Three big takeaways from workshop “Developing and Measuring
Social Media for Nonprofits”:
1. You’ll have better interaction, engagement and @-replies
if you sign or initial your tweets. People are engaging with a person, not just
a brand. You can set up a profile. Liz
and I could each tweet –ao or –el when tweeting.
2. Rank for best engagement of status updates on Facebook:
--informational (boring – think Ben Stein)
--call to action
--community building
--fundraising
--events and promotion
3. For infographics, the more information you put on there
to cite your sources (less pretty), you’ll have less engagement, which is
depressing…BUT, you have more comments from highly engaged people.

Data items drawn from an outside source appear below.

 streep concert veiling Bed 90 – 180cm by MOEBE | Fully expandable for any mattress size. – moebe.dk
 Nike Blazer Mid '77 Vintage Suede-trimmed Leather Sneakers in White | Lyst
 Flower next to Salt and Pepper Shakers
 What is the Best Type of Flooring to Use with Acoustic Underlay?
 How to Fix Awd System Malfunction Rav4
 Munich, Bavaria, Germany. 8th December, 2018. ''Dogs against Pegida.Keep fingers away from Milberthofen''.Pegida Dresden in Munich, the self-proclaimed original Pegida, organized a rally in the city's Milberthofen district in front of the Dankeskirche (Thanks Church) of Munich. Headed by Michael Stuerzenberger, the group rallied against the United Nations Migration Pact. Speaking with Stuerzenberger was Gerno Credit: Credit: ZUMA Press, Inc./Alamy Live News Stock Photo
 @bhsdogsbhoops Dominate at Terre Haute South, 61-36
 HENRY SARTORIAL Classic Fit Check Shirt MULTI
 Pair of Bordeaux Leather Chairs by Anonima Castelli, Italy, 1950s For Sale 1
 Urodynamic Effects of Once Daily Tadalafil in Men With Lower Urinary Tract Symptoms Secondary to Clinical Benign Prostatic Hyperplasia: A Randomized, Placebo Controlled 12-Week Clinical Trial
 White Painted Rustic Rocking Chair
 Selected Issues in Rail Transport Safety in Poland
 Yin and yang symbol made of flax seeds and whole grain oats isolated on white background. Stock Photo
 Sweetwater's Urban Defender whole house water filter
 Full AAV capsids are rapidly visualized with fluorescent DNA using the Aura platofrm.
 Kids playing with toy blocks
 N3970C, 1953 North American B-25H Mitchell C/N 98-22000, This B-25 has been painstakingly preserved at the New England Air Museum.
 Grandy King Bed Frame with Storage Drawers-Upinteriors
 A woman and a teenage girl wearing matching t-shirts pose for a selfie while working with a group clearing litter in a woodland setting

I will walk the talk and cite my source: Richard D. Waters, Ph.D., assistant
professor at the University of San Francisco School of Management.
Also presenting at this workshop was Katie Paine. She said
digital natives switch media 27 times each hour – every 2.2 minutes.
We also need to be on Instagram, Pinterist and Tumbler. We
don’t have time. Can we hire this out, or find volunteers we can trust?
The Humane Society raised $650,000 from an online photo
contest ($1 to judge a Cute Puppy Contest) that cost $1,000 to set up on
Flickr. Anything we can do like that?